§ **ACTION ITEM**
Give again, unaltered, the line with "Battle flag: USS BLACKFIN (SS-322)" and all lines that follow it in the listing below, minus any pictures.

§ **GIVEN DATA**
━━━━━━━━━━━━━━━━━━━━━━━━━━━━━━

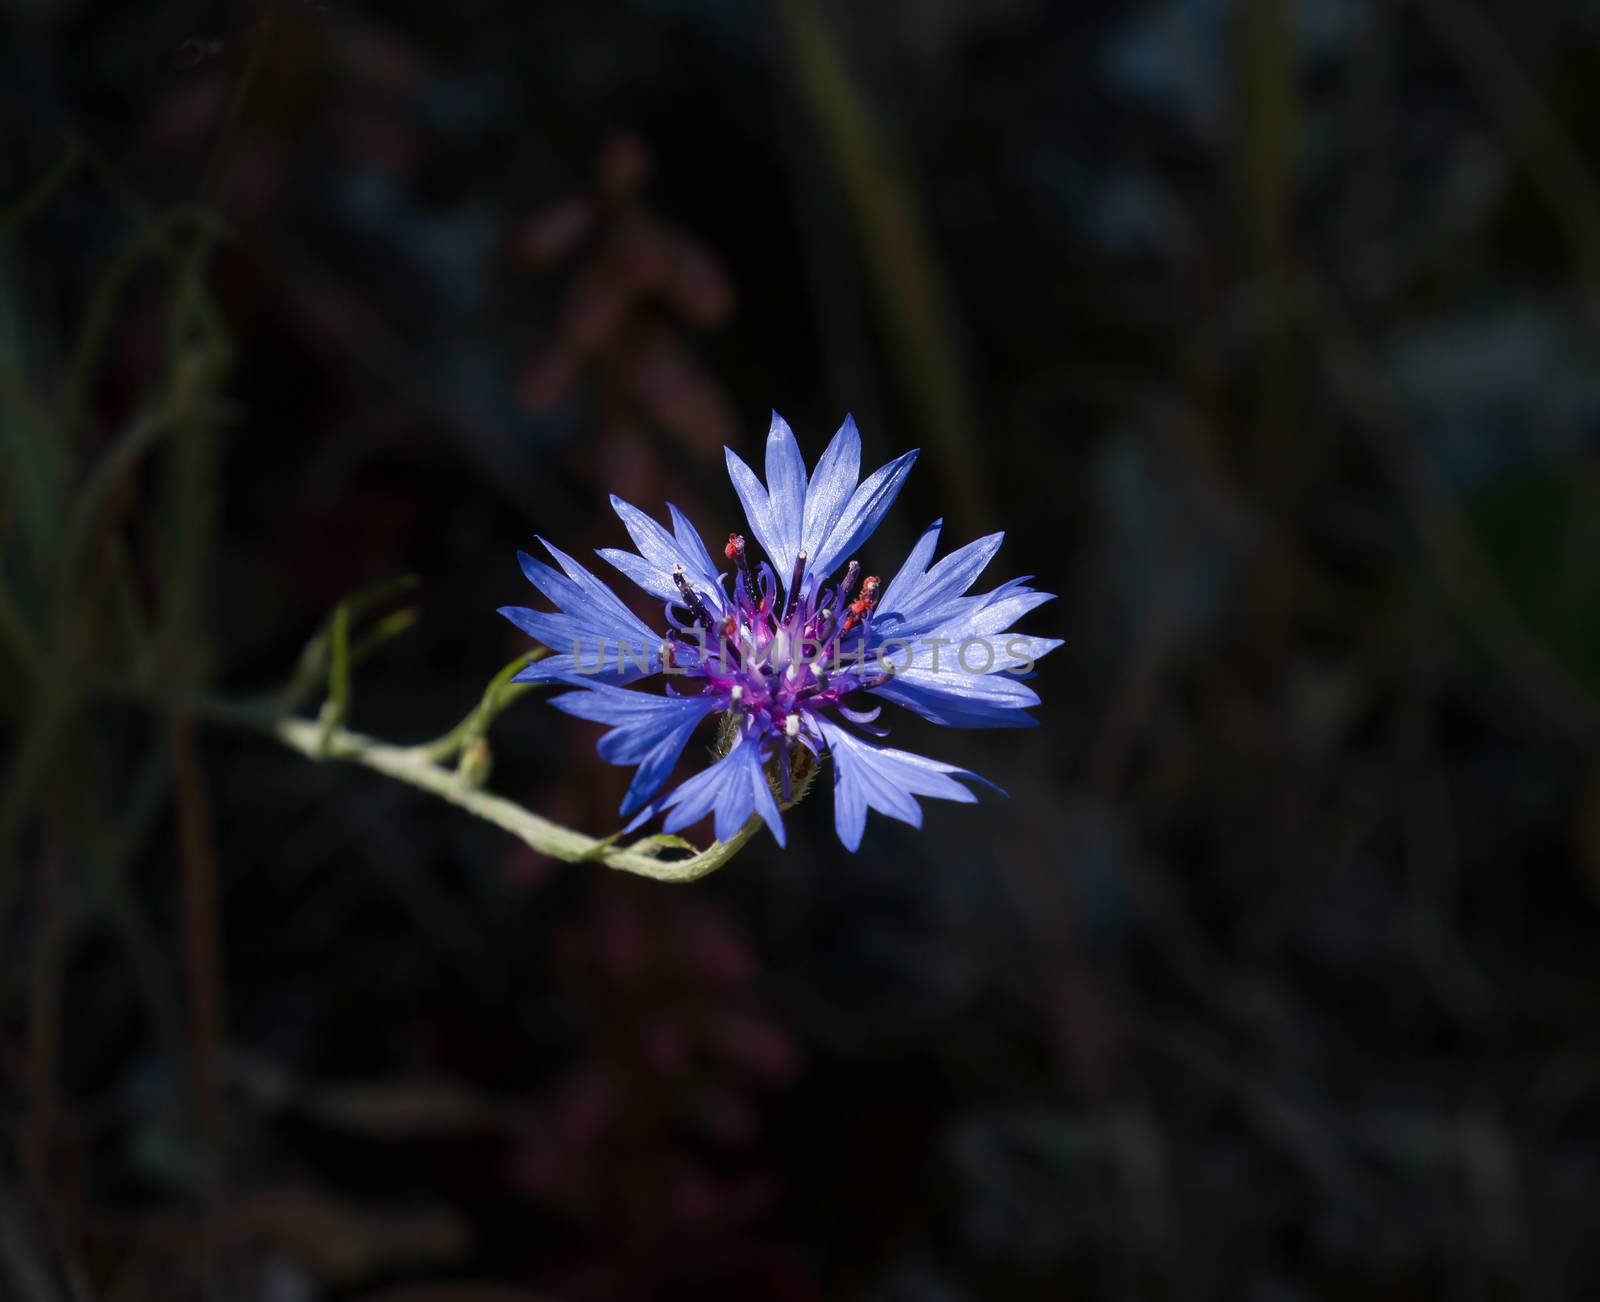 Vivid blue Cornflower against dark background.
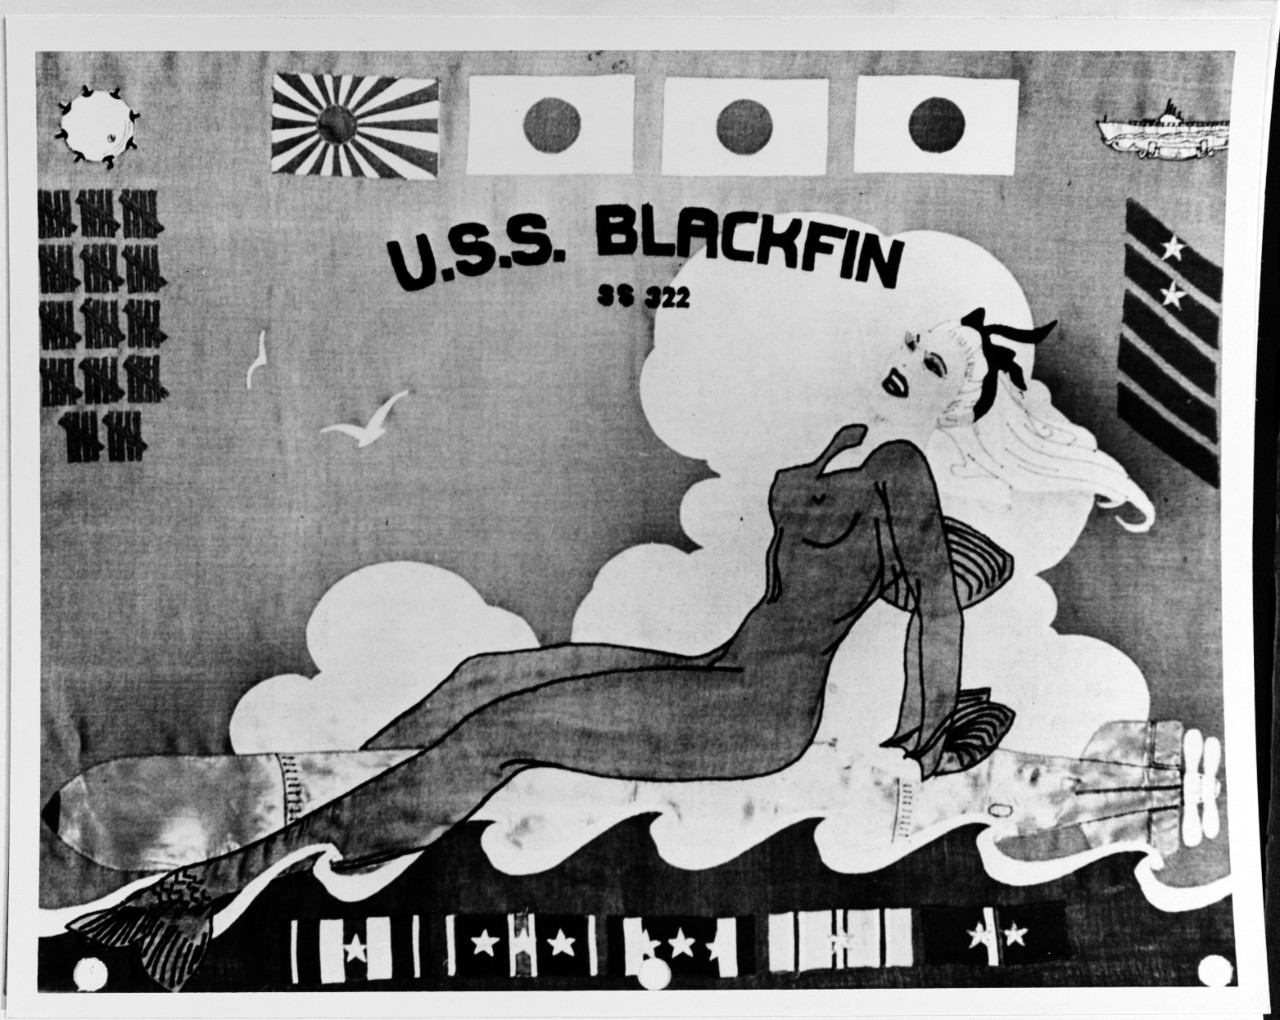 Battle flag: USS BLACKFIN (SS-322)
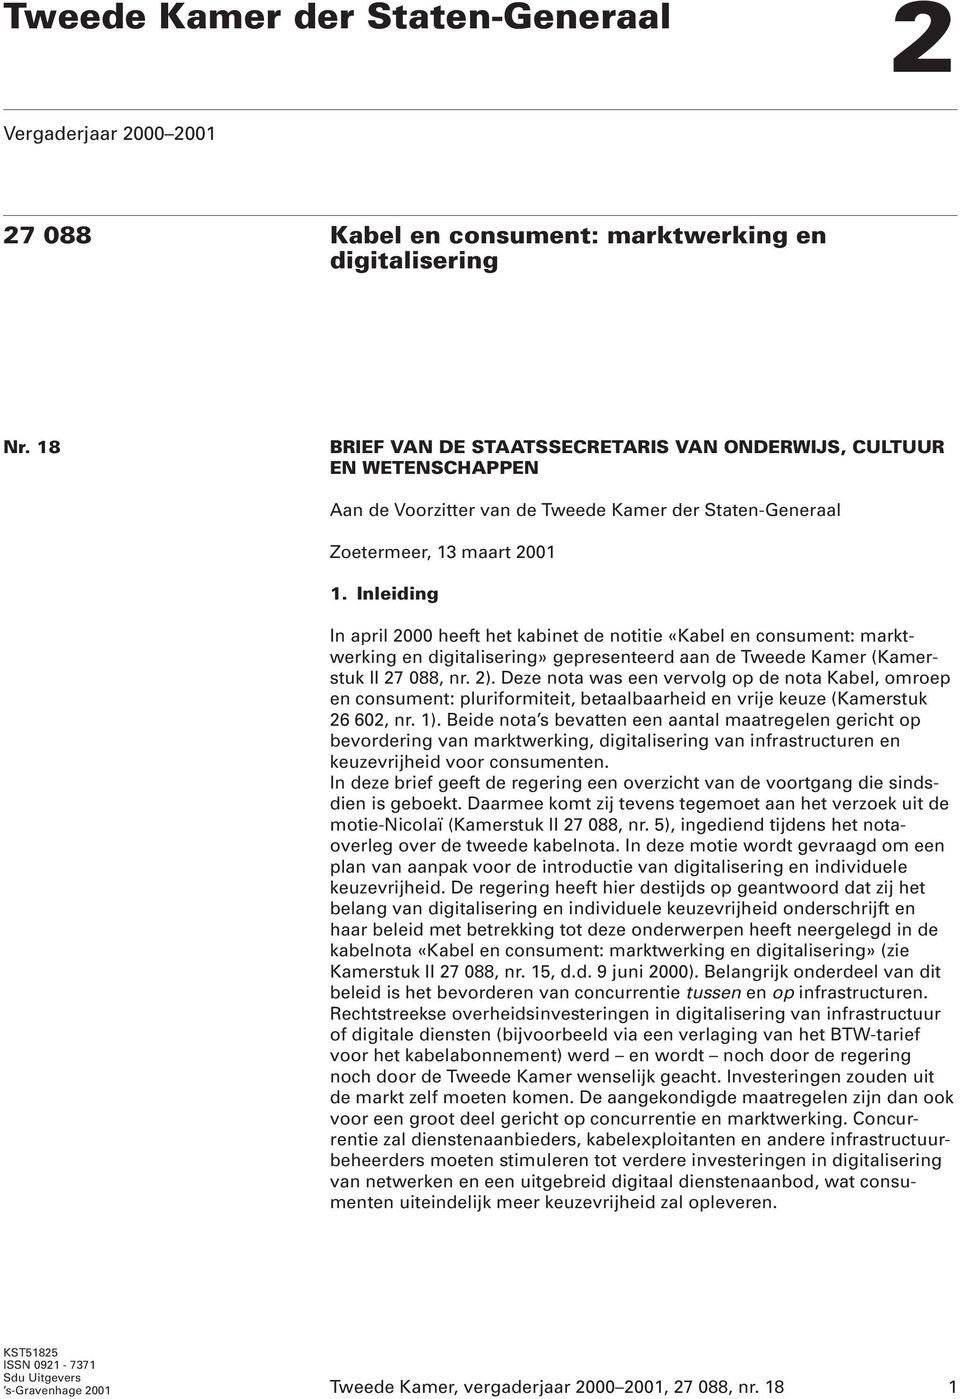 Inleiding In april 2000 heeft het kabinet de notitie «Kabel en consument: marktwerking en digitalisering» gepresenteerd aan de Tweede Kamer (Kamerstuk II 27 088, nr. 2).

━━━━━━━━━━━━━━━━━━━━━━━━━━━━━━

§ **SOLVED PROBLEM**
 Battle flag: USS BLACKFIN (SS-322)
 Inleiding In april 2000 heeft het kabinet de notitie «Kabel en consument: marktwerking en digitalisering» gepresenteerd aan de Tweede Kamer (Kamerstuk II 27 088, nr. 2).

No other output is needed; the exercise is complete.